3.2. X-Ray Crystallography of Compounds 1 and 2

Compounds 1 and 2 are structurally very similar, but subtle differences in their structural parameters are apparent under detailed analysis. In summary, compounds 1 and 2 both contain the hexaborate(2−) anion (Figure 1) coordinated in a tridentate facial manner to a distorted octahedral Zn(II) center by hydroxyl oxygen atoms (κ³O,O′,O″). Both compounds also contain a bidentate (cis) 1,2-diaminoalkane (κ²N,N′) ligand. The sixth donor atom is from a peripheral hydroxyl oxygen (κ¹O*‴) from an “adjacent” hexaborate(2−) unit. Thus, 1-D polymer chains are set up with each hexaborate(2−) ligand bridging two zinc(II) centers in alternating tridentate and mondentate modes.

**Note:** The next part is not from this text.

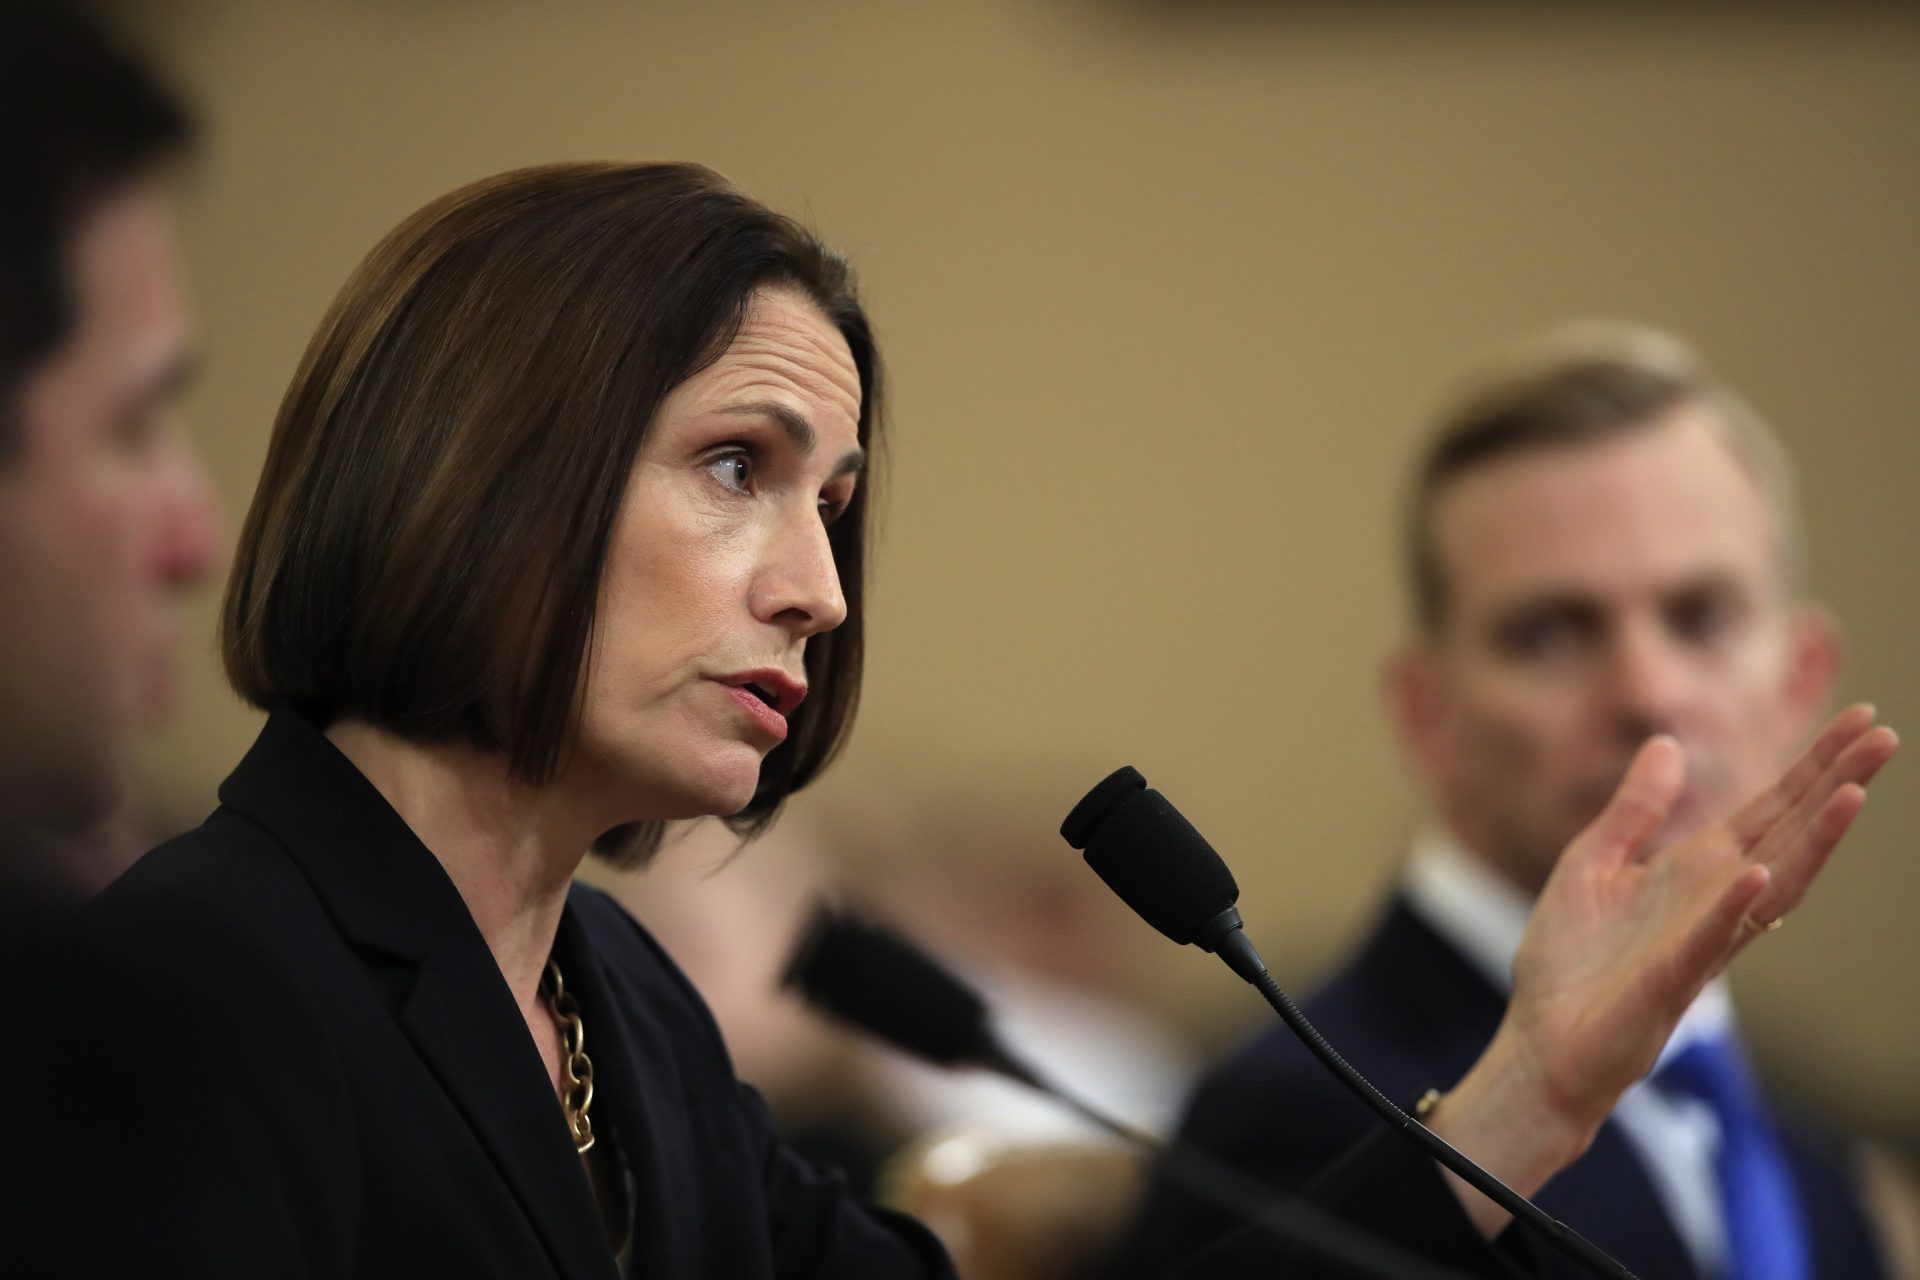 Former White House national security aide Fiona Hill, and David Holmes, a U.S. diplomat in Ukraine, right, testify before the House Intelligence Committee on Capitol Hill in Washington, Thursday, Nov. 21, 2019, during a public impeachment hearing of President Donald Trump's efforts to tie U.S. aid for Ukraine to investigations of his political opponents.

A displacement ellipsoid [26] drawing of 1 is shown in Figure 2. The hexaborate(2−) ligand is tridentate to a distorted octahedral Zn(II) metal center with Zn1–O11, Zn1–O12, and Zn1–O13 distances of 2.3874(9) Å, 2.0790(9) Å, and 2.0196(9) Å, respectively. The Zn-donor atom distances associated with the 1,2-diaminoethane ligand are Zn1–N1, 2.1345(11)Å and Zn1–N2, 2.0753(11) Å. A coordinate O donor bond involving an “adjacent” hexaborate(2−) unit, Zn1–O10* 2.2320(9) Å, completes the octahedral coordination geometry around the Zn(II) atom. This latter interaction is not shown in Figure 2. O10* is trans to O11 (O10–Zn1–O11 = 170.18(3)). A view of the coordination polymer chain in 1 is shown in Figure 3. The B–O distances and angles within the hexaborate(2−) anion of 1 are not significantly different from those observed in related B–O systems with three- and four-coordinate boron centers in general [33,34,35] and, more specifically, to other reported hexaborate(2−) complexes such as [Cu(Me₂NCH₂CH₂NMe₂){B₆O₇(OH)₆}]·6H₂O [36], [Me₂NHCH₂CH₂NHMe₂][Zn{B₆O₇(OH)₆}₂]·2H₂O [37], and [C₄N₂H₁₂][Co{B₆O₇(OH)₆}₂]·6H₂O [38].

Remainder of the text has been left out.